Stored data:
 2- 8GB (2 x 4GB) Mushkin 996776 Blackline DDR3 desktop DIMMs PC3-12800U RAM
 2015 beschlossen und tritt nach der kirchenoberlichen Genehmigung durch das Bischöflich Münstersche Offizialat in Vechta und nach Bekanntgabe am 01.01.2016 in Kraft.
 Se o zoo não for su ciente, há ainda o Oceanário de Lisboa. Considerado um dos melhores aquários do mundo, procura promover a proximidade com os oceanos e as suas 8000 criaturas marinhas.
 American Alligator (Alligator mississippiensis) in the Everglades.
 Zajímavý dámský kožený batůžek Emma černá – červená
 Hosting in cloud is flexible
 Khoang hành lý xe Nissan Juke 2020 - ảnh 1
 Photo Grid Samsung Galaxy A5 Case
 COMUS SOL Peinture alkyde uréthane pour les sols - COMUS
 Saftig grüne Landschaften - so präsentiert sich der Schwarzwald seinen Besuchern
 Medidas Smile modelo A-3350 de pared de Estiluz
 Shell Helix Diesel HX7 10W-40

(What this task involves) Repeat each record word for word.

(Reply to the task)
 2- 8GB (2 x 4GB) Mushkin 996776 Blackline DDR3 desktop DIMMs PC3-12800U RAM
 2015 beschlossen und tritt nach der kirchenoberlichen Genehmigung durch das Bischöflich Münstersche Offizialat in Vechta und nach Bekanntgabe am 01.01.2016 in Kraft.
 Se o zoo não for su ciente, há ainda o Oceanário de Lisboa. Considerado um dos melhores aquários do mundo, procura promover a proximidade com os oceanos e as suas 8000 criaturas marinhas.
 American Alligator (Alligator mississippiensis) in the Everglades.
 Zajímavý dámský kožený batůžek Emma černá – červená
 Hosting in cloud is flexible
 Khoang hành lý xe Nissan Juke 2020 - ảnh 1
 Photo Grid Samsung Galaxy A5 Case
 COMUS SOL Peinture alkyde uréthane pour les sols - COMUS
 Saftig grüne Landschaften - so präsentiert sich der Schwarzwald seinen Besuchern
 Medidas Smile modelo A-3350 de pared de Estiluz
 Shell Helix Diesel HX7 10W-40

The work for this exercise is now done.